Para medir la eficiencia del agente, podemos calcular la recompensa total de varios episodios. Dado que en cada episodio la recompensa acumulada es 0 si no se llega a la celda de destino y 1 si se consigue el objetivo, medir la recompensa total acumulada de un número de episodios nos da una medida del porcentaje de éxito de nuestro agente.

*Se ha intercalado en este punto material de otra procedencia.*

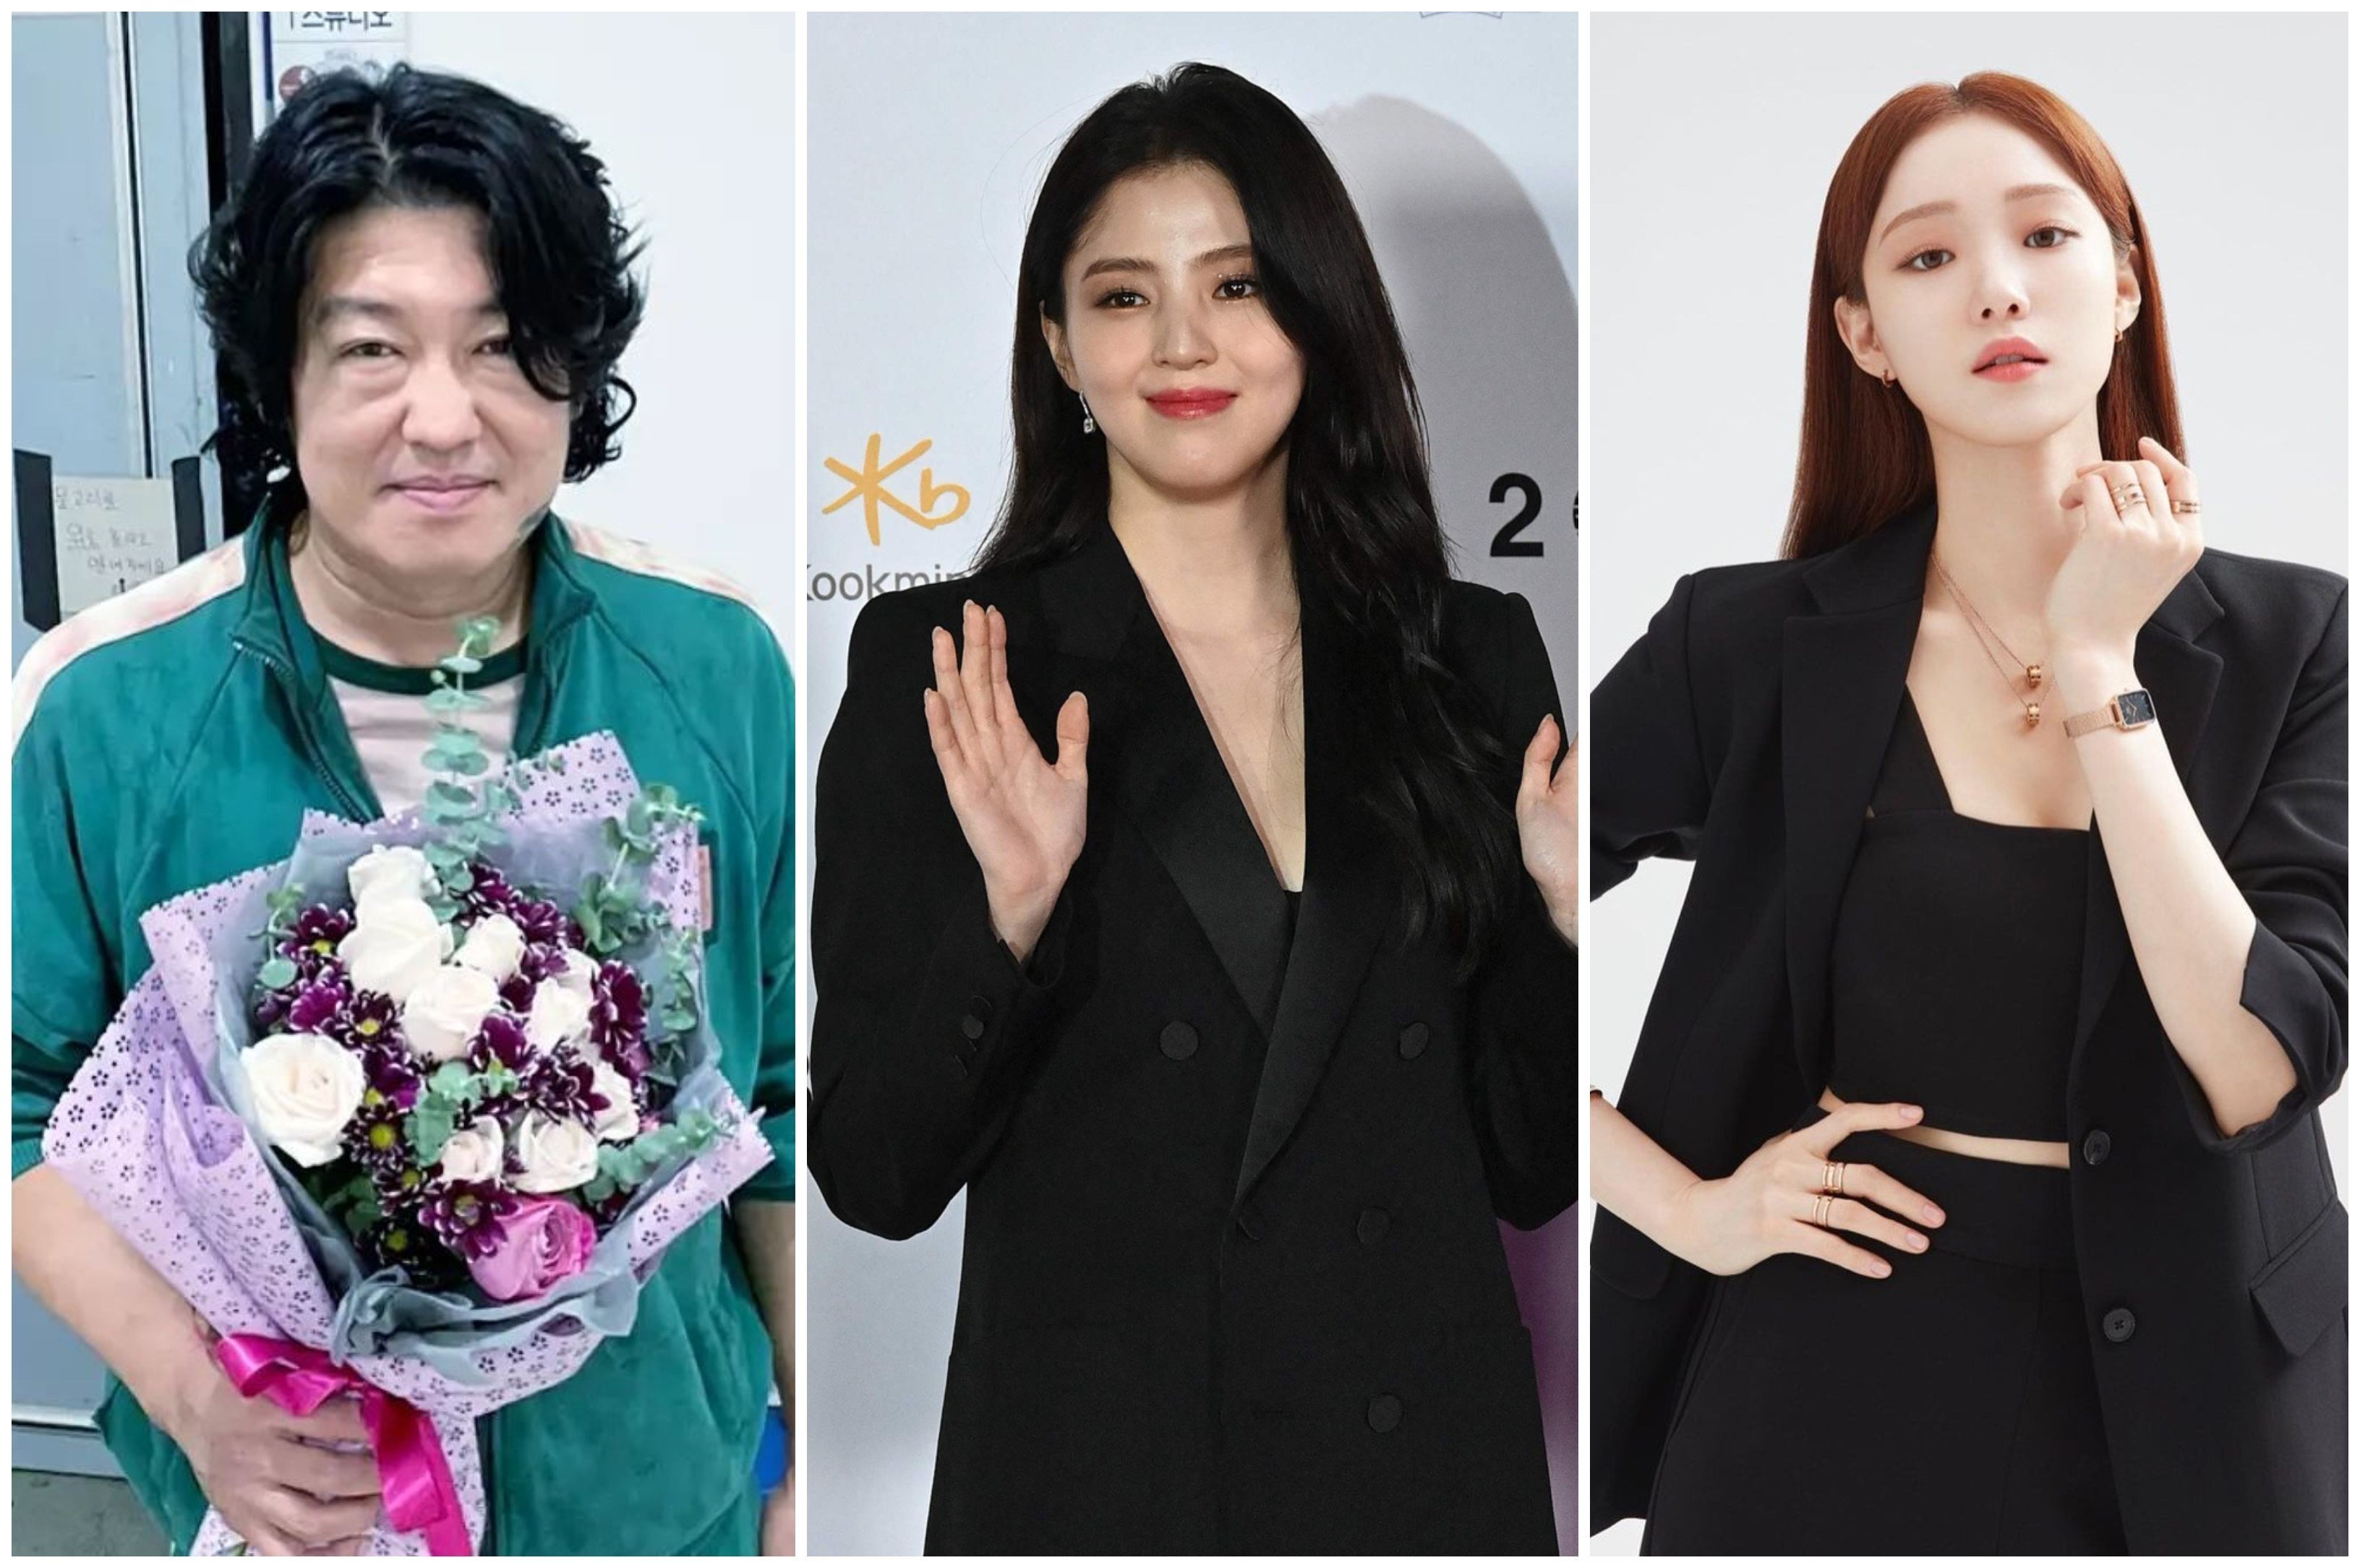 Squid Game’s Heo Sung-tae, My Name’s Han So-hee, and Lee Sung-kyung all gained weight for their respective roles. Photos: @heosungtae, @heybiblee/Instagram; Agence France-Presse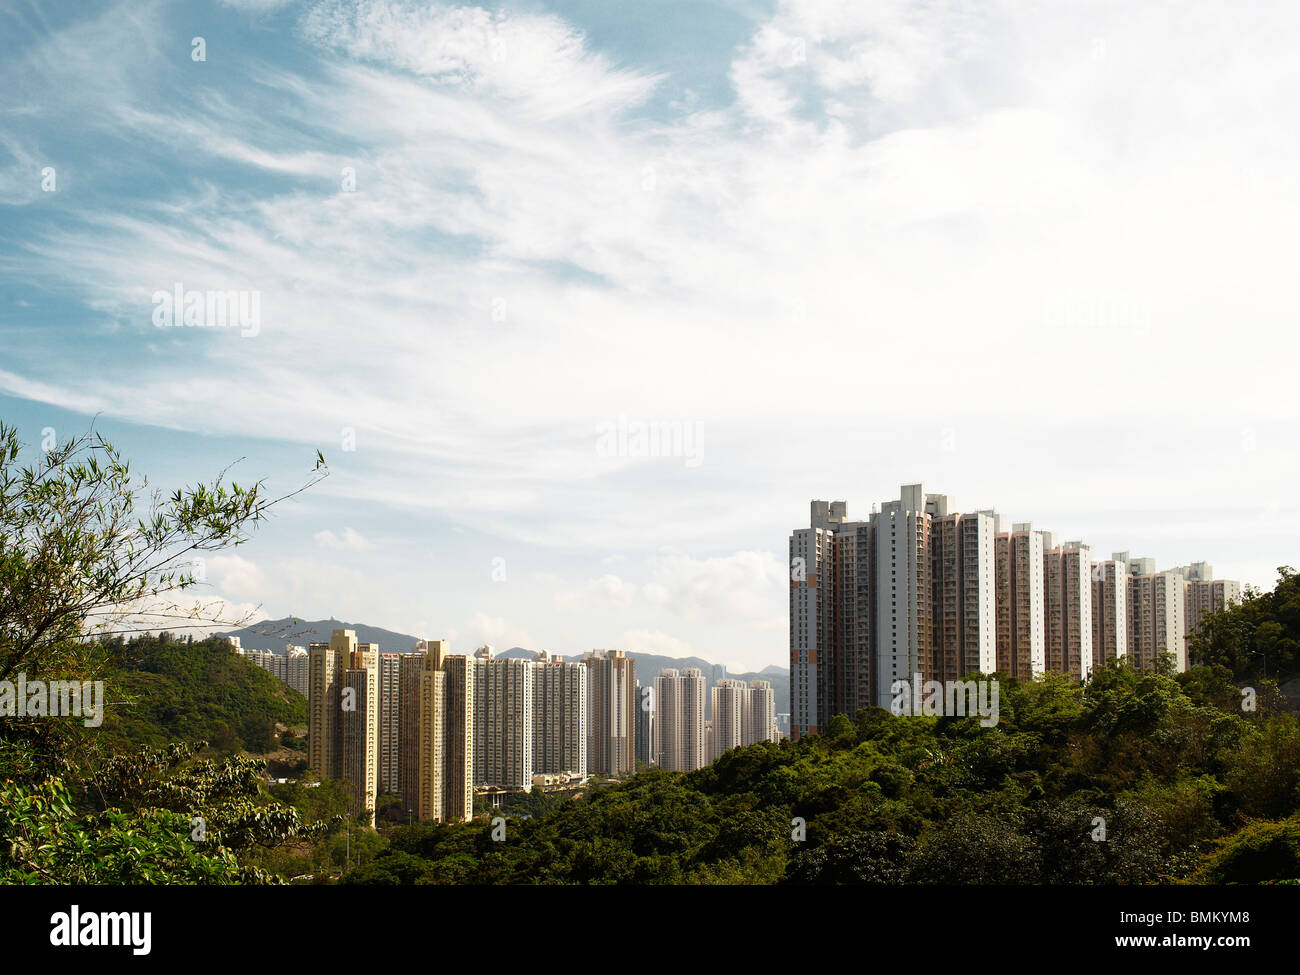 Towers of residential apartment building blocks stand tall on the mountain back, accommodating the growing population. Stock Photo

El siguiente fragmento de código repite el proceso del apartado anterior para el número de episodios definido en la variable `num_episodes` y calcula el porcentaje de acierto del agente. Se omite la renderización del entorno con el objetivo de agilizar la ejecución.

In [9]:
num_episodes = 1000
total_reward = 0

for episode in range(num_episodes):

    # Environment reset
    obs = env.reset()
    t, done = 0, False
    
    #env.render() --- Uncomment if you want to see the path of the agen  

    while t < max_steps:
        # Get random action (this is the implementation of the agent)
        action = env.action_space.sample()
    
        # Execute action and get response
        obs, reward, done, info = env.step(action)
        
        # Render the environment
        #env.render() --- Uncomment if you want to see the path of the agent
        
        total_reward += reward
        t += 1
        if done:
            break
    
success_rate = total_reward*100/num_episodes
print("{} successes in {} episodes: {} % of success".format(total_reward, num_episodes, success_rate))

11.0 successes in 1000 episodes: 1.1 % of success


### 2.5. Entrenando a un agente

Tal y como hemos podido ver en el apartado anterior, como el agente utilizado elige las acciones al azar, es casi imposible llegar a la casilla de destino G con esta política (el porcentaje de éxito está en un 1 % o 2 %). Vamos a entrenar un agente utilizando el método Q-Learning. Este método (que se estudiará en módulos posteriores) puede implementarse mediante una tabla que va actualizándose a partir de la interacción del agente con el entorno.
El siguiente código implementa este método y realiza el entrenamiento del agente a partir de la ejecución de varios episodios.

__Nota__: recordad que las simulaciones ejecutadas tienen un componente aleatorio y los porcentajes pueden variar de una ejecución a otra.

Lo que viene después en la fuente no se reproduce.